ATTORNEY: 2-year-old at center of murder case against Louisville man had brittle bone disease
Jerrel Holloway didn't even know he was wanted by police until he saw news reports, according to his attorney.
LOUISVILLE, Ky. (WDRB) -- A 2-year-old girl who prosecutors say was murdered by her own father had brittle bone disease, according to the suspect's defense attorney.
The disclosure came during a court appearance by 26-year-old Jerrel Holloway after he turned himself in Monday morning. Last Thursday, Louisville Metro Police asked for the public's help to find Holloway, who was wanted after being indicted for the murder of 2-year-old Tamia Taylor.

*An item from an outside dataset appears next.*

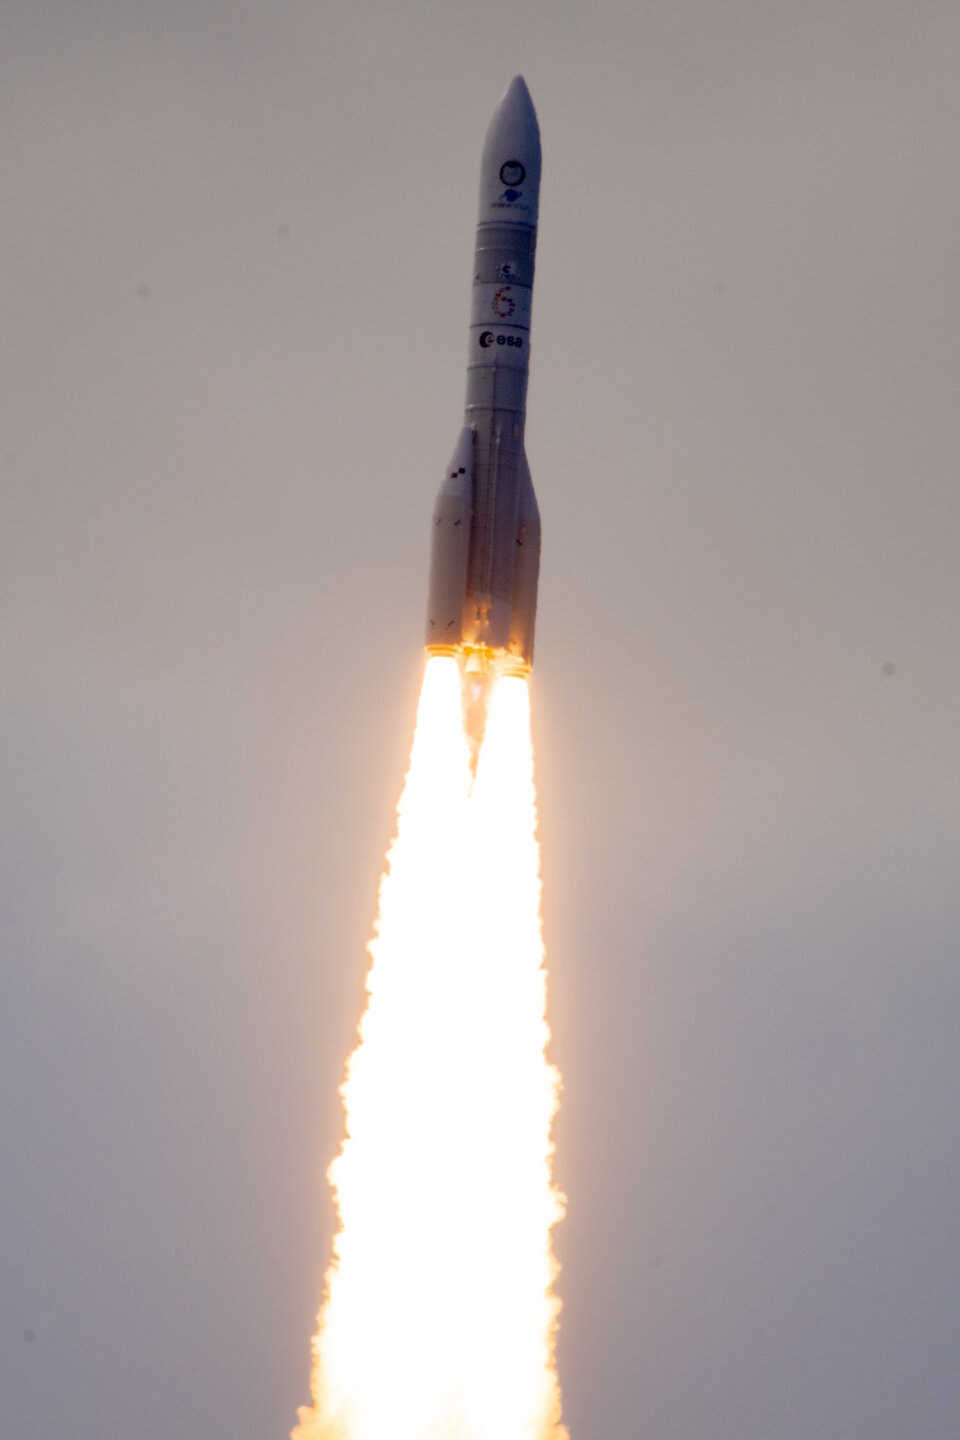 Ariane 6 takes flight

Taylor was injured in the Shawnee Apartments in Feb. 2016. Police say she died 10 days later.
Holloway was present for his arraignment Monday morning, along with his defense attorney, Rob Eggert.

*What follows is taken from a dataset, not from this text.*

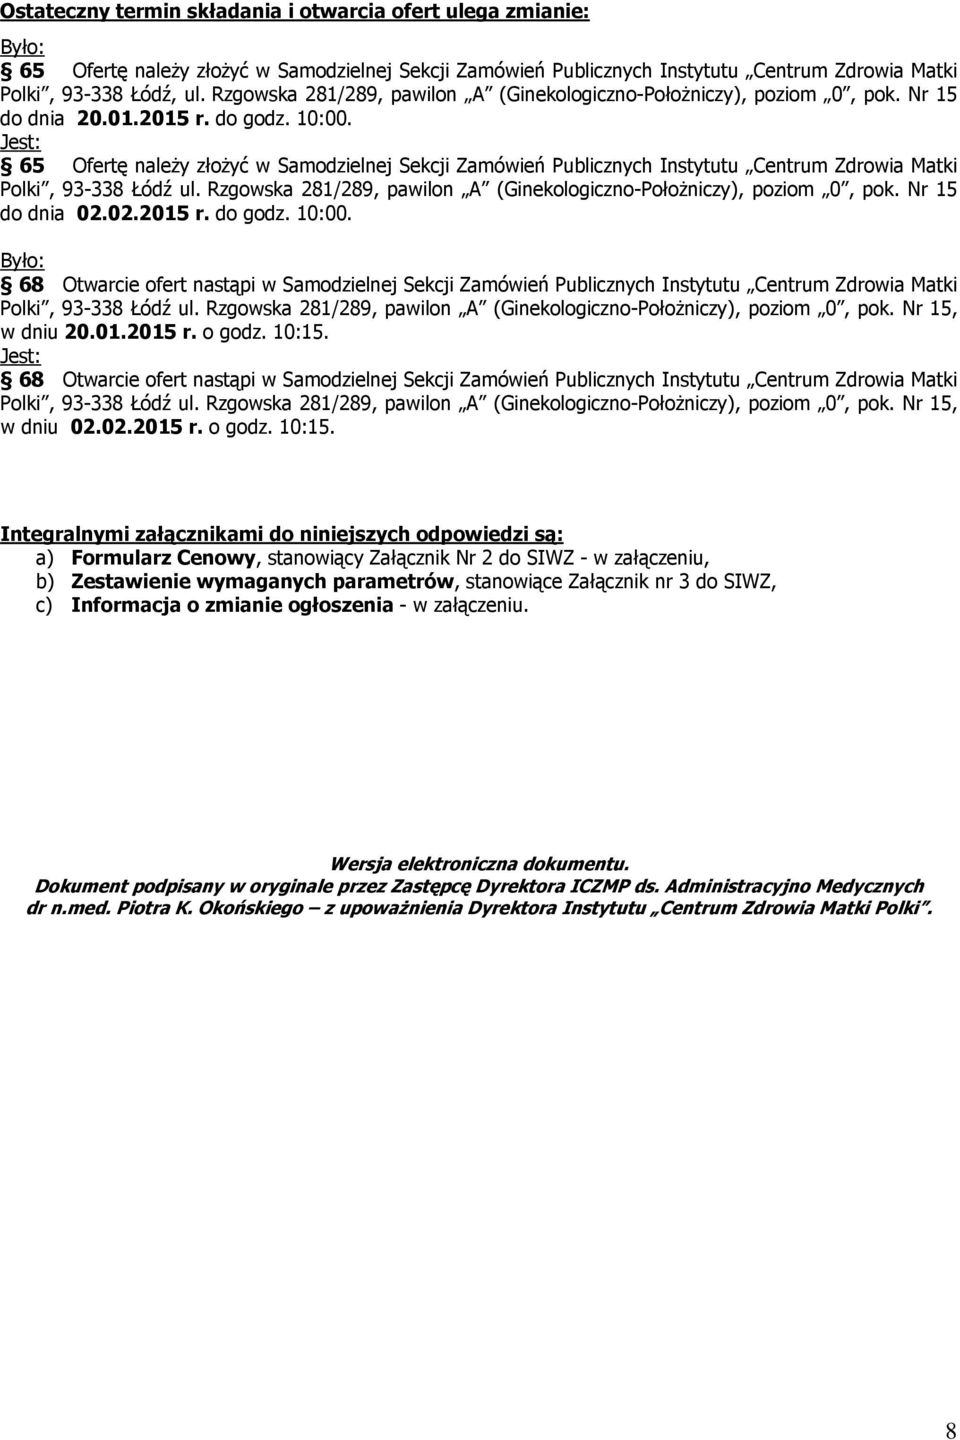 Jest: 65 Ofertę należy złożyć w Samodzielnej Sekcji Zamówień Publicznych Instytutu Centrum Zdrowia Matki Polki, 93-338 Łódź ul. Rzgowska 281/289, pawilon A (Ginekologiczno-Położniczy), poziom 0, pok.

Eggert told Jefferson Circuit Judge Brian C. Edwards that his client wasn't even aware that he had been indicted until he saw news reports indicating he was wanted by police.
"He was not informed of the indictment," Eggert said. "He was not notified of it. He had no knowledge of it. And then, I guess, last week, he suddenly -- I saw on TV, or received information or word, police stopped by his grandmother’s -- that police were looking for him."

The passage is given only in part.